■ **Work to be completed**: Go through the entries below and print, exactly, the lines starting at the one with "plants vegetation Plant" and ending at the one with "FRODDO Sandals G2150132-4", keeping both ends and no others.
━━ Stored data ━━
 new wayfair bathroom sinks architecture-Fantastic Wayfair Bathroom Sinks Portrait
━━━
━━ Stored data ━━
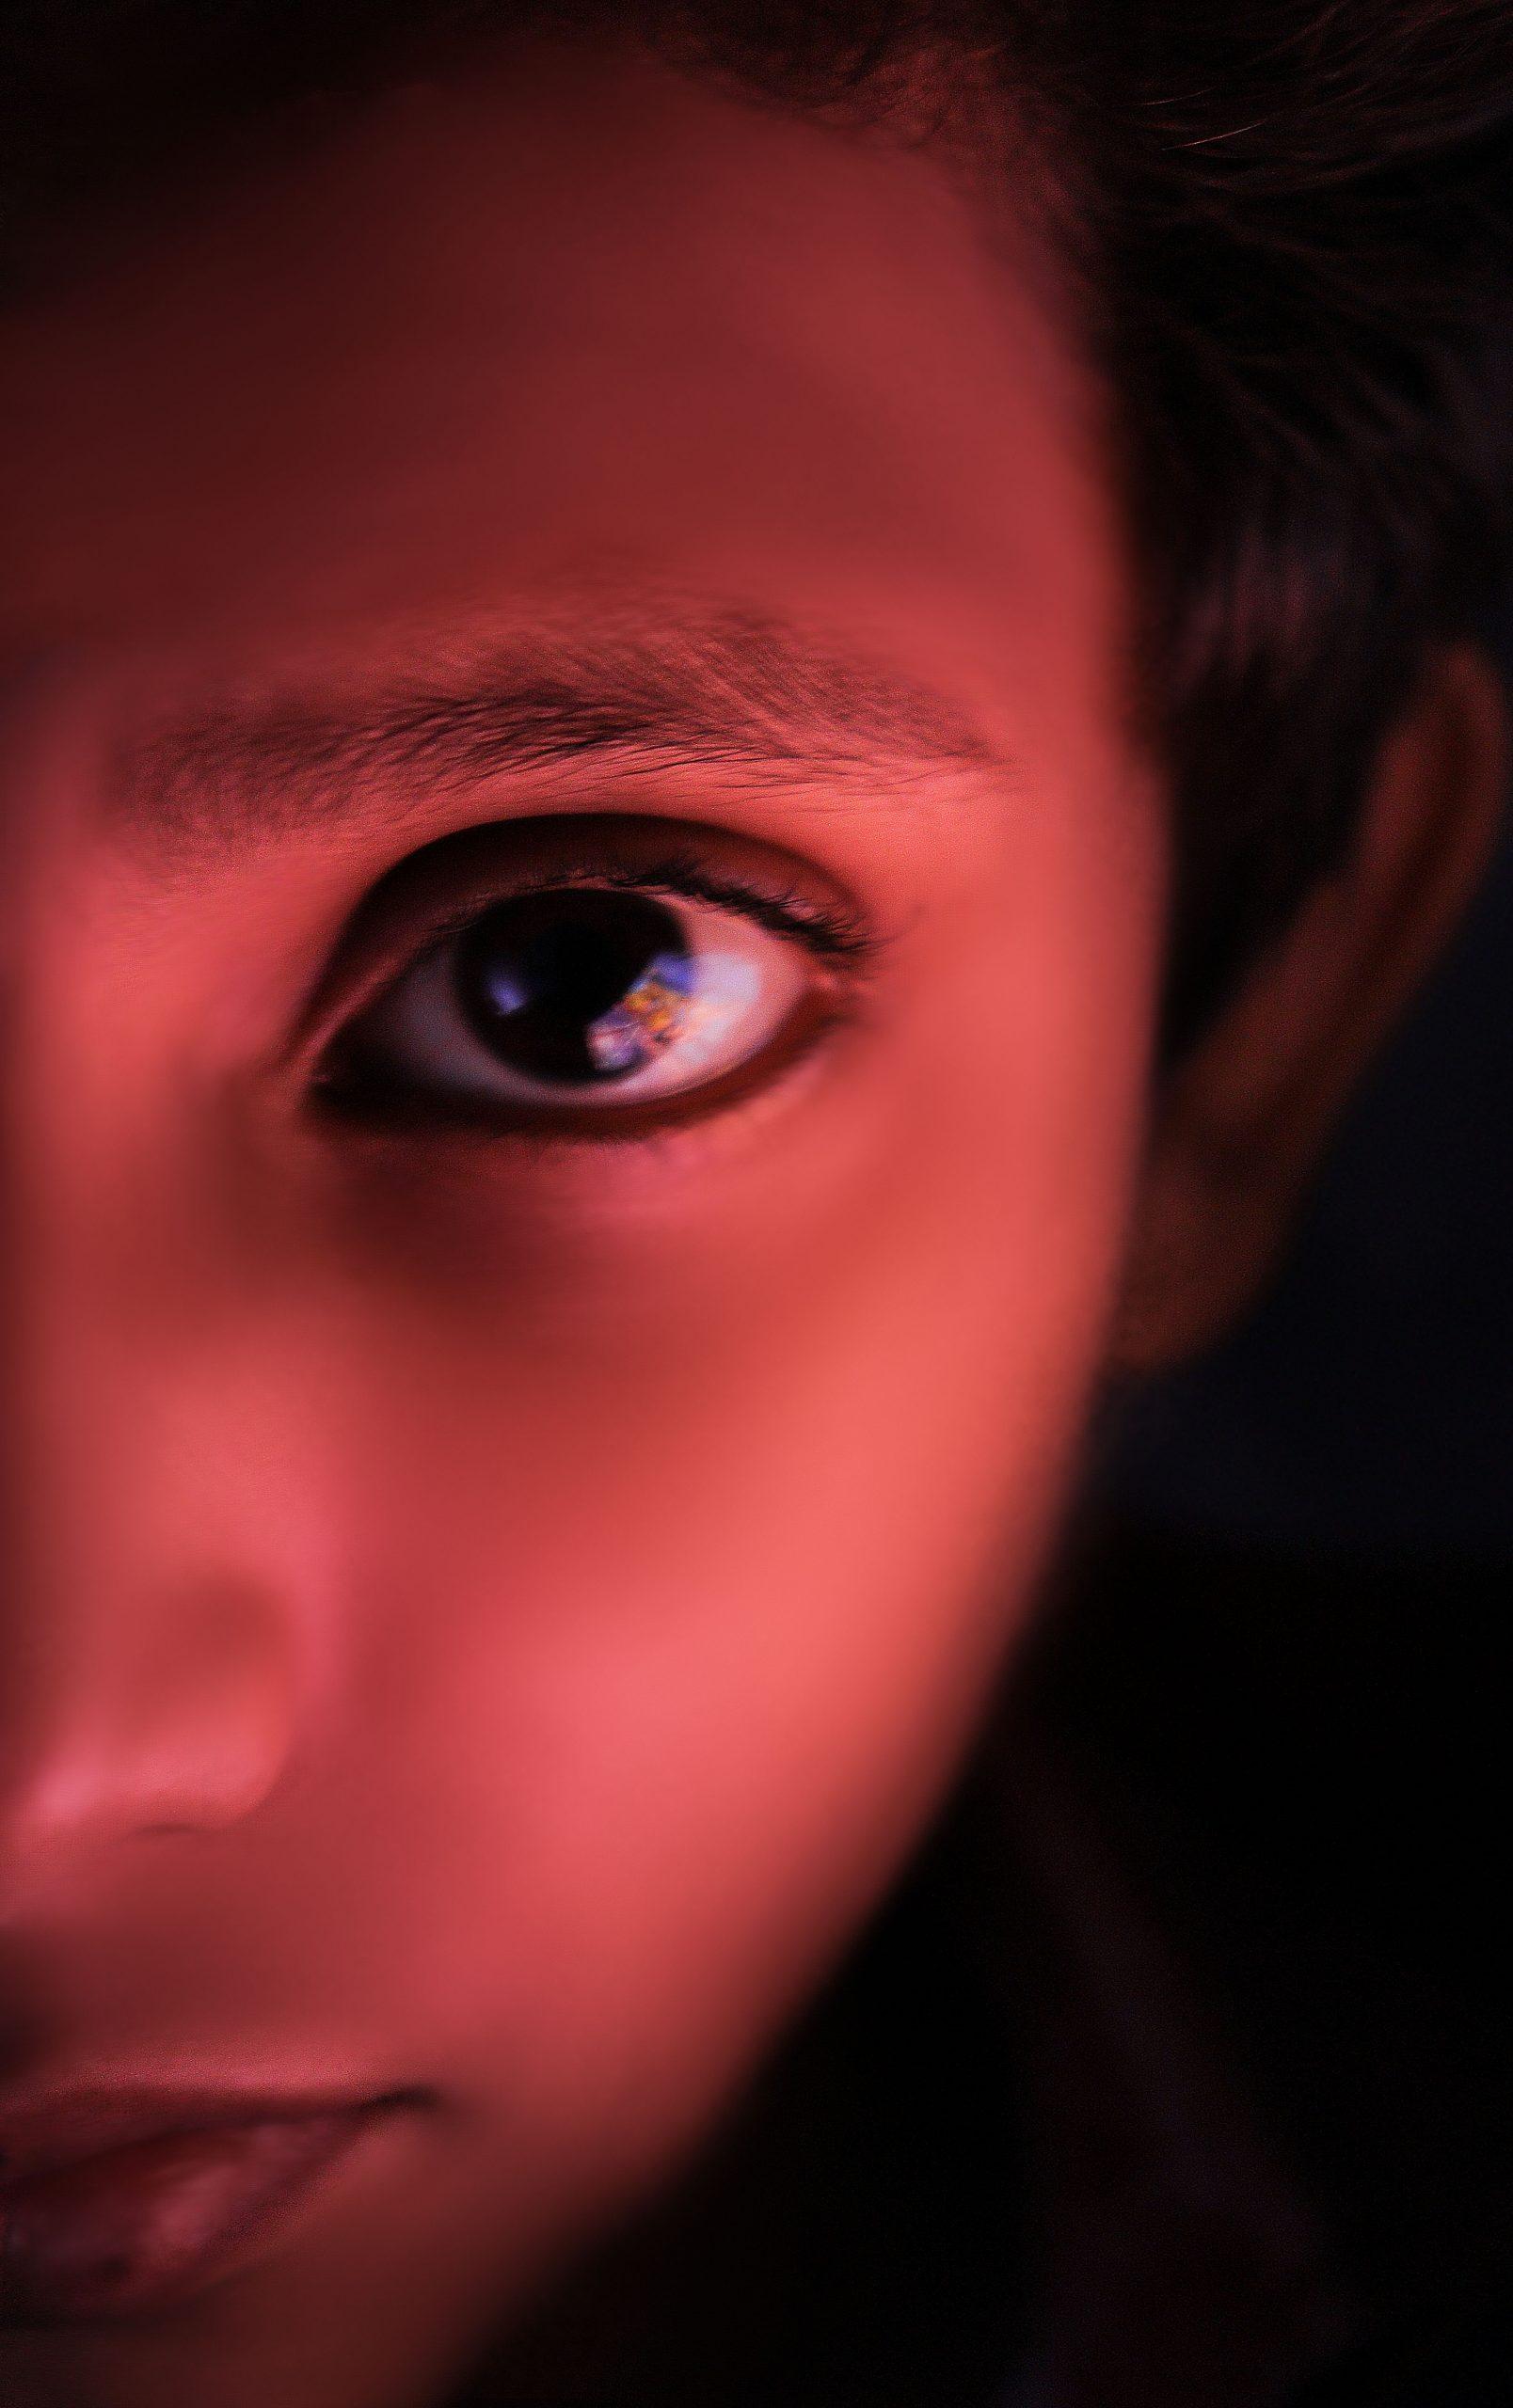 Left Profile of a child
━━━
━━ Stored data ━━
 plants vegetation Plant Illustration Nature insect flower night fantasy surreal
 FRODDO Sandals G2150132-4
━━━
■ **Exercise output**:
 plants vegetation Plant Illustration Nature insect flower night fantasy surreal
 FRODDO Sandals G2150132-4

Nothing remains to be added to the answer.